The answer to the question in the subsection entitled "What does the
board of directors of the Company think of this Offer?" is hereby amended and
restated in its entirety as follows:
<PAGE>
"The special committee of the board of directors of the
Company has responded to our original proposal by entering into a
confidentiality agreement with us and providing access to due
diligence. For more information, see "Background of the Offer; Proposed
Merger Agreement." The special committee of the board of directors of
the Company has recommended that holders of Shares take no action with
respect to our original offer. For more information about the
recommendation of the special committee of the board of directors of
the Company, see the Schedule 14d-9 filed by the Company with the
Securities and Exchange Commission ("SEC") on December 22, 2000.

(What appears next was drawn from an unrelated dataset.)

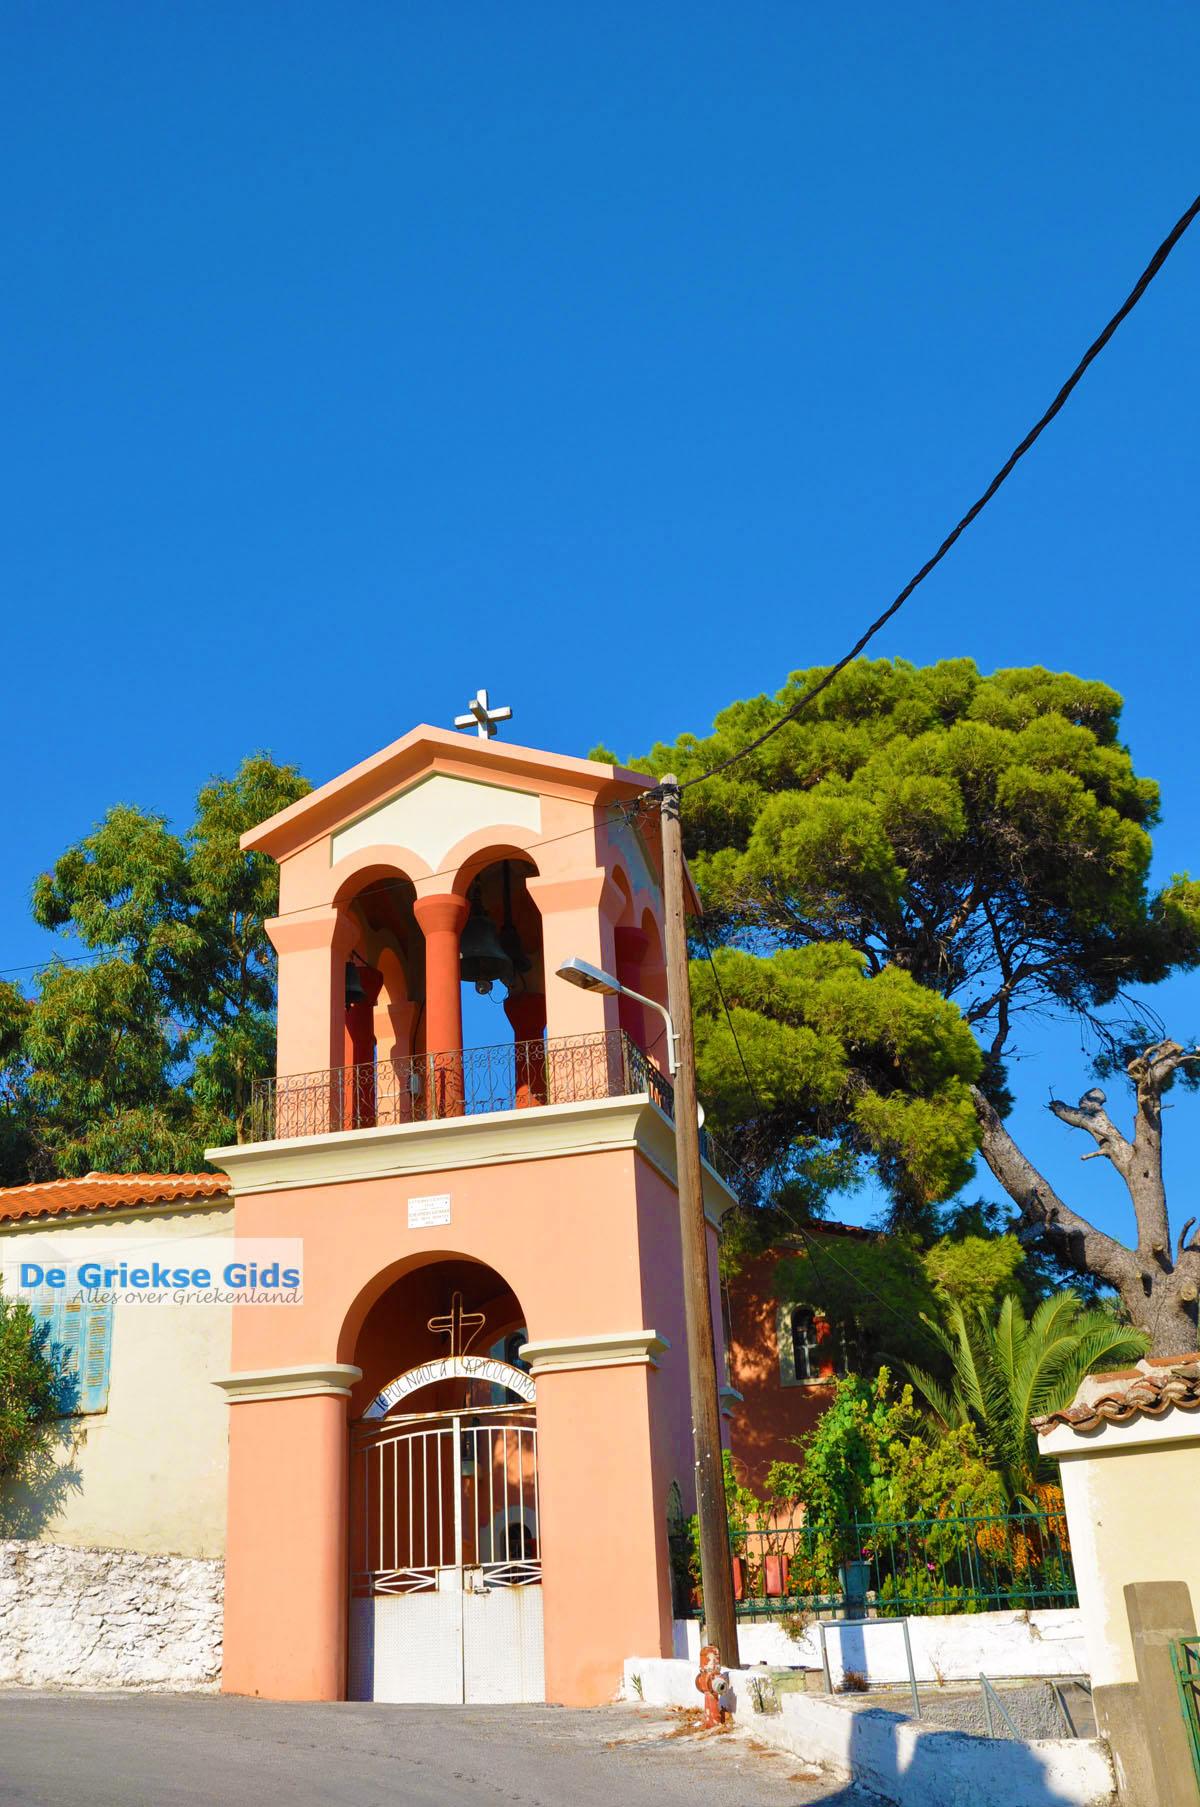 foto Plomari   Lesbos Griekenland   De Griekse Gids 65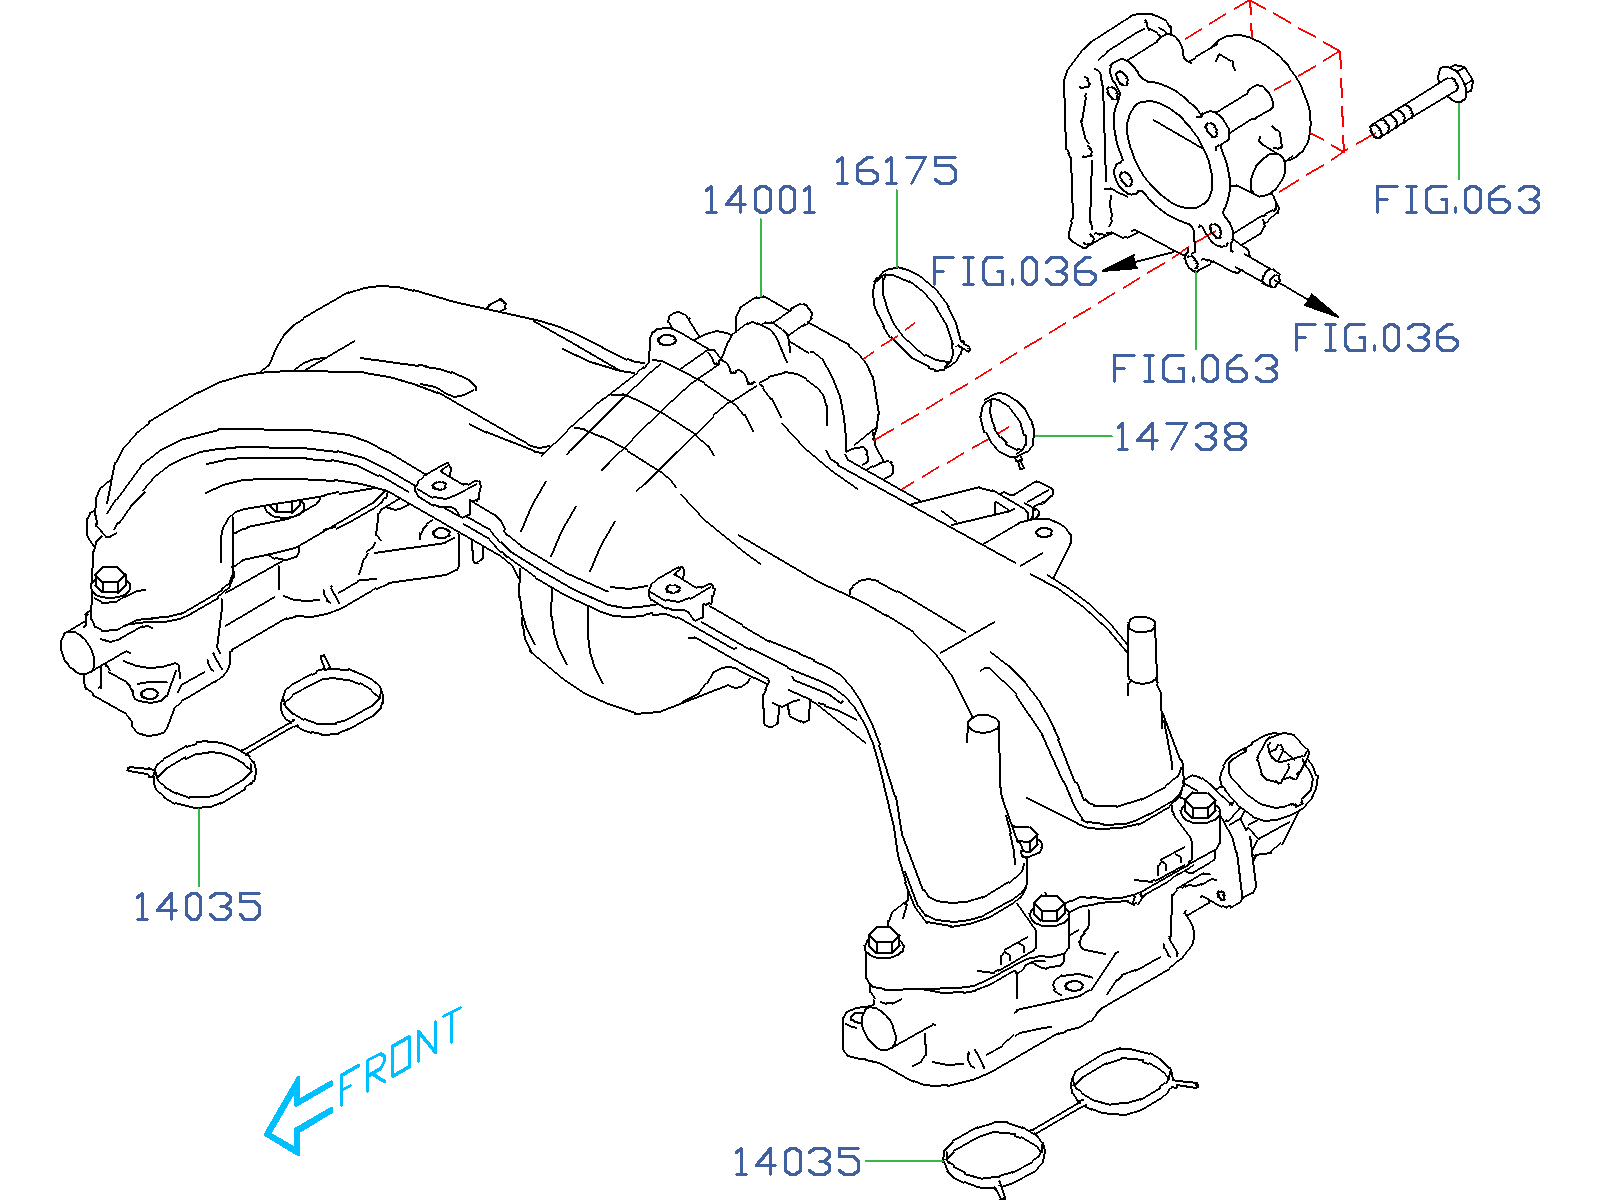 14035aa620 - gasket-intake manifold  body  throttle  engine  cooling

However, neither the special committee of the board of directors of the
Company nor the board of directors of the Company, has approved the
revised Offer or otherwise commented on it as of the date Tyson filed
its Amendment No. 6 to the Schedule TO."
The answer to the question in the subsection entitled "Will the Offer
be followed by a merger?" is hereby amended and supplemented by adding the
following sentence at the end thereof:
"You may also choose to tender your Shares in the Exchange
Offer, in which case you should receive Tyson Class A Common Stock when
the Exchange Offer closes."
Item 4. Terms of the Transaction.
Item 4 of the Schedule TO is hereby amended and supplemented as
follows:
"On December 28, 2000, Tyson issued a press release announcing
that it had increased its Offer to acquire the Company to $27.00 per
Share. Tyson also announced that it was prepared to commence an
exchange offer for all Shares not purchased in this Offer promptly
after the Company signed a merger agreement with Tyson. In the Exchange
Offer, Tyson would offer to exchange, for each outstanding Share not
owned by Tyson, a number of shares of Tyson Class A Common Stock having
a value of $27.00, so long as the average per share price of Tyson
Class A Common Stock during the fifteen trading day period ending on
the second trading day before the expiration date of the Exchange Offer
is at least $12.60 and no more than $15.40. This $27.00 value is
subject to change if the average per share price of Tyson Class A
Common Stock is not in that range and the value you will receive will
be proportionately changed."
Items 4, 5, 6 and 11.
Items 4, 5, 6 and 11 of the Schedule TO which incorporate by reference
the information contained in the Offer to Purchase are hereby amended as
follows:
The second paragraph of the section of the Offer to Purchase entitled
"Introduction" is hereby amended and restated in its entirety as follows:
"The purpose of the Offer, the proposed Exchange Offer and
second-step merger is to enable Tyson to acquire control of, and to
acquire the entire equity interest in, the Company. Tyson has delivered
to the Company a signed merger agreement, which is summarized herein.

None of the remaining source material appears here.